PHD2 (Prolyl Hydroxylase Domain-containing protein 2) belongs to the Prolyl-4-hydroxylase domain (PHD) family of proteins and is encoded by the Egl-9 Family Hypoxia Inducible Factor 1 (EGLN1) gene (1). Human EGLN1/PHD2 is a ubiquitously expressed enzyme that is 426 amino acids (aa) long with a theoretical molecular weight of ~46 kDa. Structurally PHD2 contains a nuclear export signal (NES, aa 6-20), an N-terminal MYND zinc finger domain (aa 21-58), and a C-terminal catalytic domain (aa 291-392) (2, 3). Functionally, PHD2 serves as an oxygen sensor and is responsible for post-translational modification of Hypoxia-inducible factor alpha (HIF-1alpha), a component of a transcriptional complex involved in oxygen homeostasis (1-3). During normoxia, PHD2 is responsible for oxygen-dependent hydroxylation of HIF-1alpha proline residue 402, 564, or both (3). The hydroxylation event promotes the binding of von Hippel-Lindau protein (VHL) and targets HIF1-alpha for ubiquitination and degradation (4, 5).

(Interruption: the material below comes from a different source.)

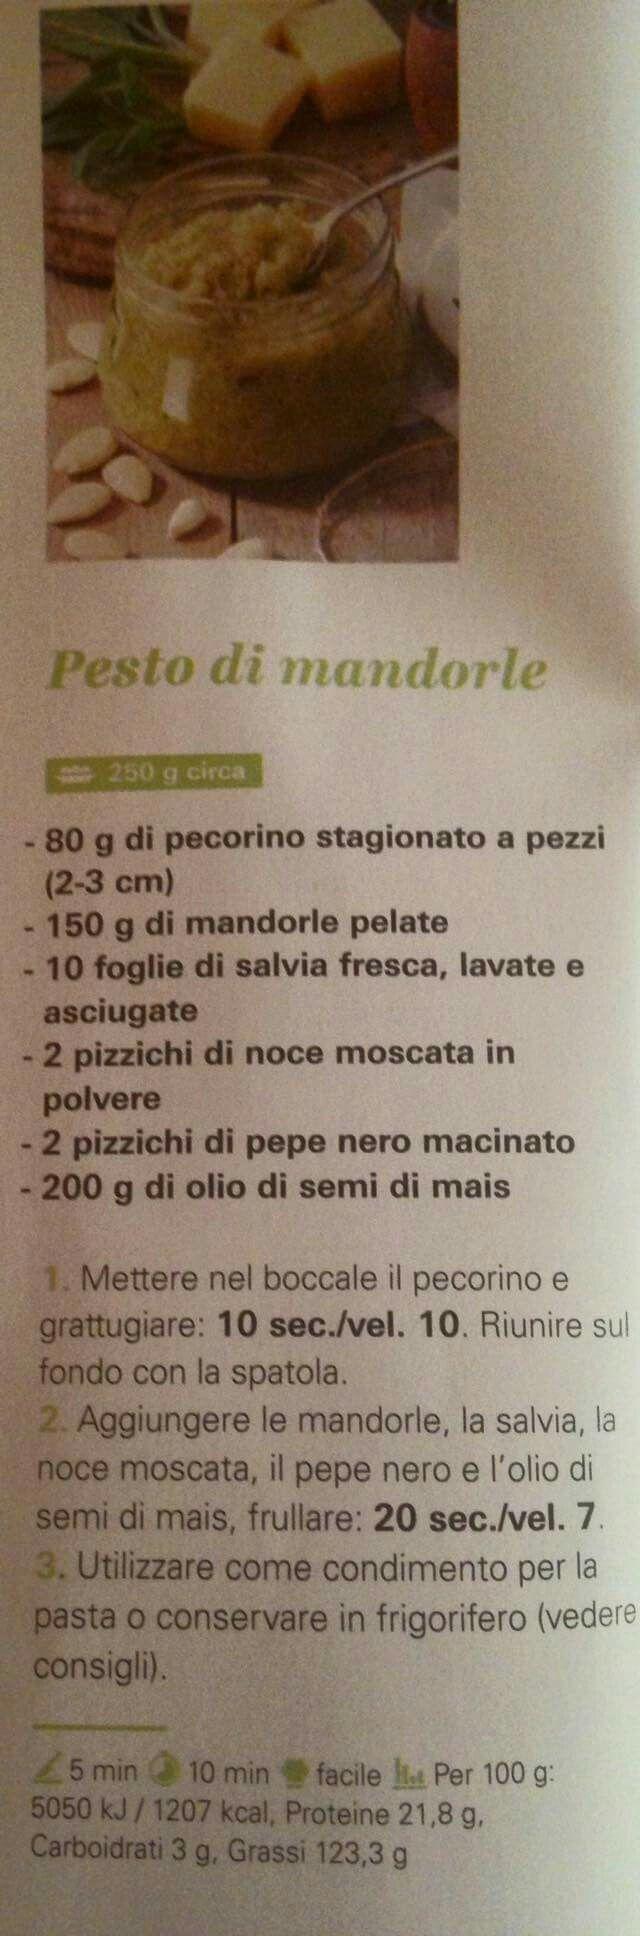 Pesto mandorle
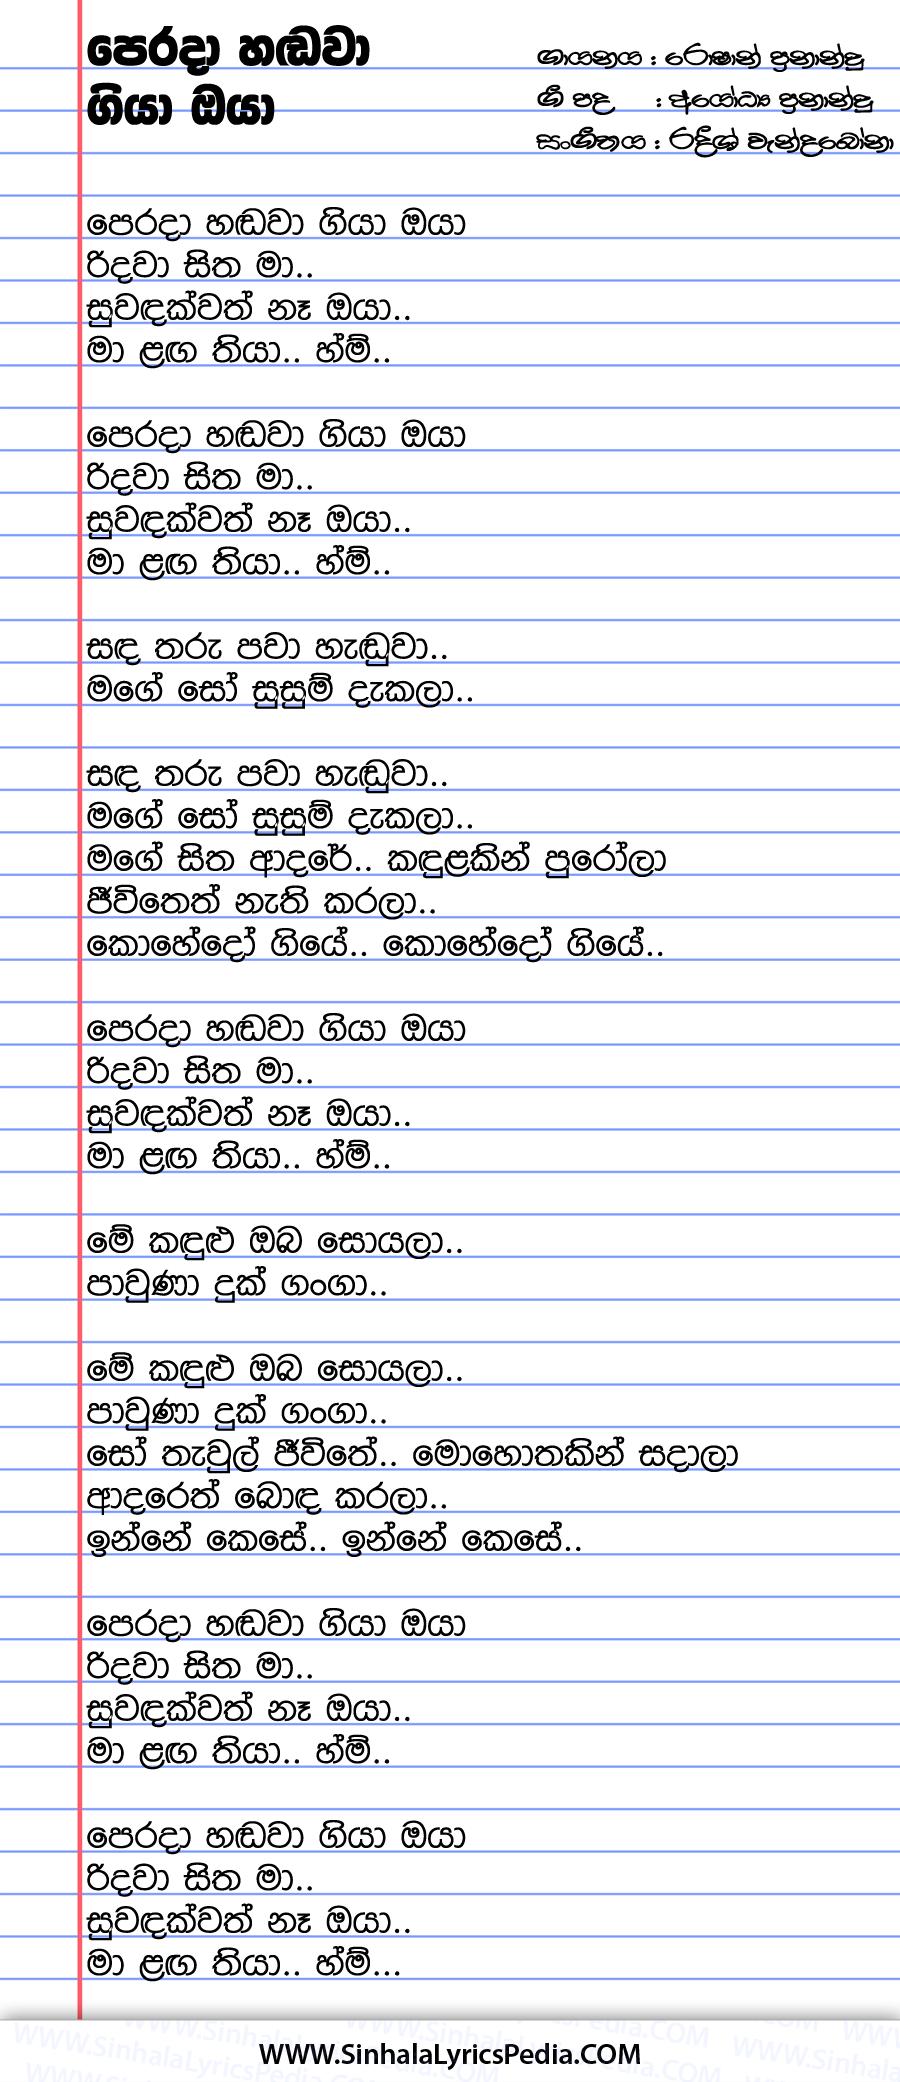 Perada Handawa Giya Oya Song Lyrics

EGLN1/PHD2 has been implicated in several critical processes including erythropoiesis, angiogenesis, and metabolism as well as various pathologies such as cancer (2, 5, 6). Studies in mice have found that somatic deletion of PHD2 resulted in higher vascular endothelial growth factor A (VEGF-A) levels, increased blood vessel formation, and more erythropoietin (EPO), leading to severe polycythemia or erythrocytosis (high red blood cell (RBC) volume) (6). Another study revealed that specific point mutations in EGLN1/PHD2 led to elevated EPO and RBC mass associated with hemorrhages and strokes (6). Accordingly, given the known role of PHD2 in inhibition of EPO production, PHD2 inhibitors are being studied as a potential therapeutic for anemia (6). Additionally, dysregulation in EGLN1, and specifically the PHD2-VHL-HIF-1alpha pathway, has been associated with the development of pheochromocytomas (PCC) and sympathetic paragangliomas (PGL), which are rare neuroendocrine tumors (2). Besides pathological features, EGLN1/PHD2 may also be important for high altitude adaptation as two coding sequence variants in PHD2 are prevalent in the Tibetan population but is very rare in people at lower altitudes (2).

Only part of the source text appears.